Ia berharap penguatan kepemimpinan di Instalasi Bedah Sentral dapat mendorong terciptanya budaya kerja yang kolaboratif sekaligus menghadirkan berbagai inovasi dalam pelayanan kesehatan. Menurutnya, tantangan pelayanan kesehatan yang semakin kompleks harus diimbangi dengan kesiapan organisasi, peningkatan kompetensi tenaga kesehatan, serta komitmen memberikan pelayanan yang unggul.
“Setiap amanah yang diberikan harus menjadi motivasi untuk terus belajar, beradaptasi, dan memberikan kontribusi terbaik bagi rumah sakit. Kita ingin RS M. Djamil terus berkembang menjadi rumah sakit rujukan yang memberikan pelayanan berkualitas, aman, dan terpercaya bagi masyarakat,” tambahnya.
Sementara itu, Direktur Medik dan Keperawatan RS M. Djamil, Dr. dr. Bestari Jaka Budiman, Sp.THT-KL (K), menyampaikan bahwa Instalasi Bedah Sentral merupakan salah satu unit vital yang mendukung pelayanan medis terpadu di rumah sakit.
Karena itu, penguatan kepemimpinan di unit tersebut diharapkan mampu meningkatkan koordinasi antarprofesi sekaligus memperkuat penerapan standar pelayanan yang berkualitas.
“Pelayanan bedah membutuhkan kerja sama yang sangat kuat antara dokter spesialis, dokter anestesi, tenaga keperawatan, serta seluruh unsur pendukung lainnya. Dengan adanya penguatan kepemimpinan ini, kami berharap koordinasi dapat semakin baik sehingga pelayanan kepada pasien menjadi lebih efektif, efisien, dan tetap mengutamakan keselamatan pasien,” ungkap Dr.

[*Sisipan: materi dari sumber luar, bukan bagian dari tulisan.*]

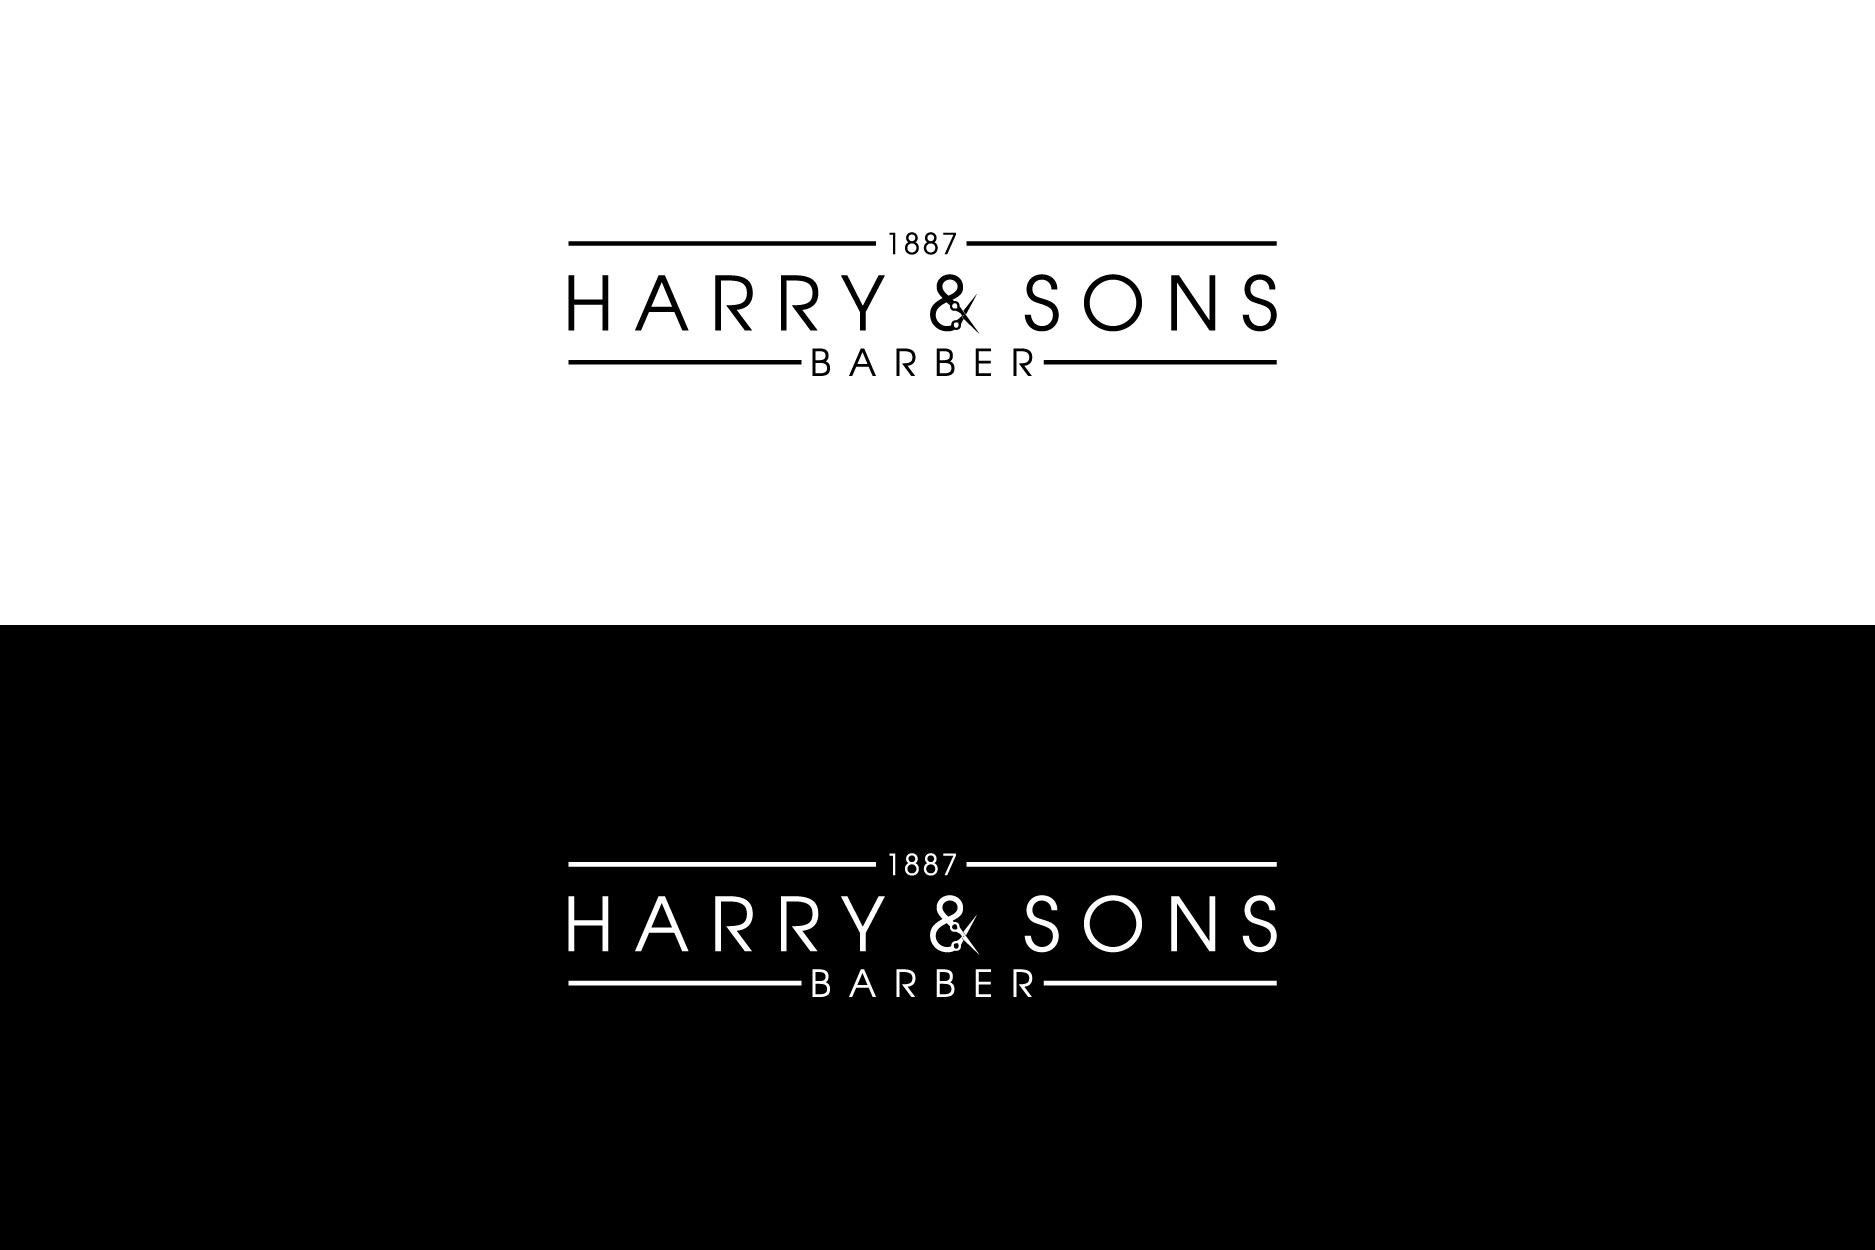 Logo Design by Shivaprasad Sangondimath - Entry No. 206 in the Logo Design Contest Captivating Logo Design for Harry and Sons Barber.

Bestari.
Ia menambahkan bahwa peningkatan mutu pelayanan merupakan tanggung jawab seluruh insan rumah sakit. Setiap unit memiliki peran strategis dalam mendukung visi RS M. Djamil sebagai rumah sakit rujukan yang memberikan pelayanan kesehatan berkualitas dan berstandar tinggi.
“Keberhasilan pelayanan rumah sakit tidak hanya ditentukan oleh satu bagian, tetapi melalui sinergi seluruh elemen. Dengan semangat kolaborasi, kita dapat terus meningkatkan kepercayaan masyarakat terhadap RS M. Djamil,” jelasnya.
Melalui penguatan struktur organisasi ini, RS M. Djamil menegaskan komitmennya untuk terus meningkatkan kualitas pelayanan kesehatan, memperkuat tata kelola rumah sakit, serta menghadirkan layanan bedah yang aman, profesional, dan berorientasi pada keselamatan pasien. (rel)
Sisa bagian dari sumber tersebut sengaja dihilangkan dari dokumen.